━━ INPUT DATA ━━

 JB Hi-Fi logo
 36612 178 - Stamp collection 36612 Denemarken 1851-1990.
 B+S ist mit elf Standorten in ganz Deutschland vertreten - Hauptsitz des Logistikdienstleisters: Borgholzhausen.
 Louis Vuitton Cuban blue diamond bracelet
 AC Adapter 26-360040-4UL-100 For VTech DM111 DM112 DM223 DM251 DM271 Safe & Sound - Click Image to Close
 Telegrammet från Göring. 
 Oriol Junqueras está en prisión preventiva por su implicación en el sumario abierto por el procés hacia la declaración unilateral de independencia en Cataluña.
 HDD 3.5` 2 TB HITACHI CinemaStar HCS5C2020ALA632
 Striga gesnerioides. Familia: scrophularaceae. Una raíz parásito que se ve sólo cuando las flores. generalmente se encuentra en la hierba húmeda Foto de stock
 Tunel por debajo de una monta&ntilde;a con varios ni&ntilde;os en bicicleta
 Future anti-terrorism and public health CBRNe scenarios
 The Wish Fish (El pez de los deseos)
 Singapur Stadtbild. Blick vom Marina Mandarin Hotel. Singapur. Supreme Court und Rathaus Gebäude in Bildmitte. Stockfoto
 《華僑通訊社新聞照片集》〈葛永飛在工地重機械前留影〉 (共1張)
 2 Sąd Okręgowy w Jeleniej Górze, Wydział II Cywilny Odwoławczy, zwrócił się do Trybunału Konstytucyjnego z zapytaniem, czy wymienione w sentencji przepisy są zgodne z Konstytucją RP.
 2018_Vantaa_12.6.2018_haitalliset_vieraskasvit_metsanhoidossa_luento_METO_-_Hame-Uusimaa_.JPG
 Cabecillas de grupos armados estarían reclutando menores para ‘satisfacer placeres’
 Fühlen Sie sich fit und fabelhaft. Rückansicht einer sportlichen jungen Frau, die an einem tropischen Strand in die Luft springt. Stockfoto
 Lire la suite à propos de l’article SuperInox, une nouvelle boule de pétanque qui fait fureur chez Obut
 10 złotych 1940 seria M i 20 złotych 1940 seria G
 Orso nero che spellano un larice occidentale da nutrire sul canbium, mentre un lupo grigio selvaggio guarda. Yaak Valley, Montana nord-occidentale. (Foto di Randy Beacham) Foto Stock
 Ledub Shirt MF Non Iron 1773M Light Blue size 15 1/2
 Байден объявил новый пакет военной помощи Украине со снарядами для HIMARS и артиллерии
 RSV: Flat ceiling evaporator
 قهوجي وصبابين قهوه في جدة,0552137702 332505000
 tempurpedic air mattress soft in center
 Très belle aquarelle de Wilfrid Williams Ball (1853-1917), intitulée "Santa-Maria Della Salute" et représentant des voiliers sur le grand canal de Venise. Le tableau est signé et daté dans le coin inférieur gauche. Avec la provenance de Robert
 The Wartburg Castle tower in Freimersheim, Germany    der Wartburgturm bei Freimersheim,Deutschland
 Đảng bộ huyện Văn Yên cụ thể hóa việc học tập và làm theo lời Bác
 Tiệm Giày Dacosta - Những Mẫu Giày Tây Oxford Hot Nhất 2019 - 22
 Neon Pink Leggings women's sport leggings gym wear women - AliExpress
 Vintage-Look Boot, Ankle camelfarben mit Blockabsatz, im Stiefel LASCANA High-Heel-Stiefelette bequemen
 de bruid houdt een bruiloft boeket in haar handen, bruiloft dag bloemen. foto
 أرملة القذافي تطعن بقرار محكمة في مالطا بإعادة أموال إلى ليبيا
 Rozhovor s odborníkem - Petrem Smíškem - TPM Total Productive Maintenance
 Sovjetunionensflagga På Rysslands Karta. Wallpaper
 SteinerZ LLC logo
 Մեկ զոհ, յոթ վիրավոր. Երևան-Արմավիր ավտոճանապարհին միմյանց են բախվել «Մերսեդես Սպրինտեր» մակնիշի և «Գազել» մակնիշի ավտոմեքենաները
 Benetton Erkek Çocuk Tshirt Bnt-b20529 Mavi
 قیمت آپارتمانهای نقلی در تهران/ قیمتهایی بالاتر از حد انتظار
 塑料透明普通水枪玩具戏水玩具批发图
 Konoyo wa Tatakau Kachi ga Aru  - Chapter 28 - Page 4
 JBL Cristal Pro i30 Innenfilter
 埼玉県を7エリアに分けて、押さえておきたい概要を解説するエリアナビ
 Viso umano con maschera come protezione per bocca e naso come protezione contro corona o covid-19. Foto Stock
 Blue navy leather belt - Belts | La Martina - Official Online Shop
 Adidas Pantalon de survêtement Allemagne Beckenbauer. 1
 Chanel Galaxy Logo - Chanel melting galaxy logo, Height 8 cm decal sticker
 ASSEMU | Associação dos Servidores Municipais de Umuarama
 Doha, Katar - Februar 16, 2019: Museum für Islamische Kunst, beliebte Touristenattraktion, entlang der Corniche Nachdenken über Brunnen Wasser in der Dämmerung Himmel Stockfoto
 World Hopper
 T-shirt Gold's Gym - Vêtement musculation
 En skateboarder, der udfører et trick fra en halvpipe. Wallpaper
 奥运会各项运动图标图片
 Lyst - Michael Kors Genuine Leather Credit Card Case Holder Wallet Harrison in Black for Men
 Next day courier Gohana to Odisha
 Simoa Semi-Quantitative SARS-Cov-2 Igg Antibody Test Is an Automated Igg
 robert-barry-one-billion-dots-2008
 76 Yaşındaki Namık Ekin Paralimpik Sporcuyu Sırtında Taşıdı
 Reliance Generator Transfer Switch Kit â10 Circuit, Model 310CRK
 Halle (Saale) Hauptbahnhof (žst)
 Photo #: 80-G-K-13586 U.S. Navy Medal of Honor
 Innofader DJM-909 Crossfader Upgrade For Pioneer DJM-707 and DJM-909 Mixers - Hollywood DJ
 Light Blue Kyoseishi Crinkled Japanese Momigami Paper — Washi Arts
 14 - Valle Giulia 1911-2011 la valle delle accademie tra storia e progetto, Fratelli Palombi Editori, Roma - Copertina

━━━

WHAT IS EXPECTED: Above are the records. Copy the lines beginning at the one that has "Très belle aquarelle" and ending with the one that has "埼玉県を7エリアに分けて、押さえておきたい概要を解説するエリアナビ", unchanged.

REPLY TO THE TASK:
 Très belle aquarelle de Wilfrid Williams Ball (1853-1917), intitulée "Santa-Maria Della Salute" et représentant des voiliers sur le grand canal de Venise. Le tableau est signé et daté dans le coin inférieur gauche. Avec la provenance de Robert
 The Wartburg Castle tower in Freimersheim, Germany    der Wartburgturm bei Freimersheim,Deutschland
 Đảng bộ huyện Văn Yên cụ thể hóa việc học tập và làm theo lời Bác
 Tiệm Giày Dacosta - Những Mẫu Giày Tây Oxford Hot Nhất 2019 - 22
 Neon Pink Leggings women's sport leggings gym wear women - AliExpress
 Vintage-Look Boot, Ankle camelfarben mit Blockabsatz, im Stiefel LASCANA High-Heel-Stiefelette bequemen
 de bruid houdt een bruiloft boeket in haar handen, bruiloft dag bloemen. foto
 أرملة القذافي تطعن بقرار محكمة في مالطا بإعادة أموال إلى ليبيا
 Rozhovor s odborníkem - Petrem Smíškem - TPM Total Productive Maintenance
 Sovjetunionensflagga På Rysslands Karta. Wallpaper
 SteinerZ LLC logo
 Մեկ զոհ, յոթ վիրավոր. Երևան-Արմավիր ավտոճանապարհին միմյանց են բախվել «Մերսեդես Սպրինտեր» մակնիշի և «Գազել» մակնիշի ավտոմեքենաները
 Benetton Erkek Çocuk Tshirt Bnt-b20529 Mavi
 قیمت آپارتمانهای نقلی در تهران/ قیمتهایی بالاتر از حد انتظار
 塑料透明普通水枪玩具戏水玩具批发图
 Konoyo wa Tatakau Kachi ga Aru  - Chapter 28 - Page 4
 JBL Cristal Pro i30 Innenfilter
 埼玉県を7エリアに分けて、押さえておきたい概要を解説するエリアナビ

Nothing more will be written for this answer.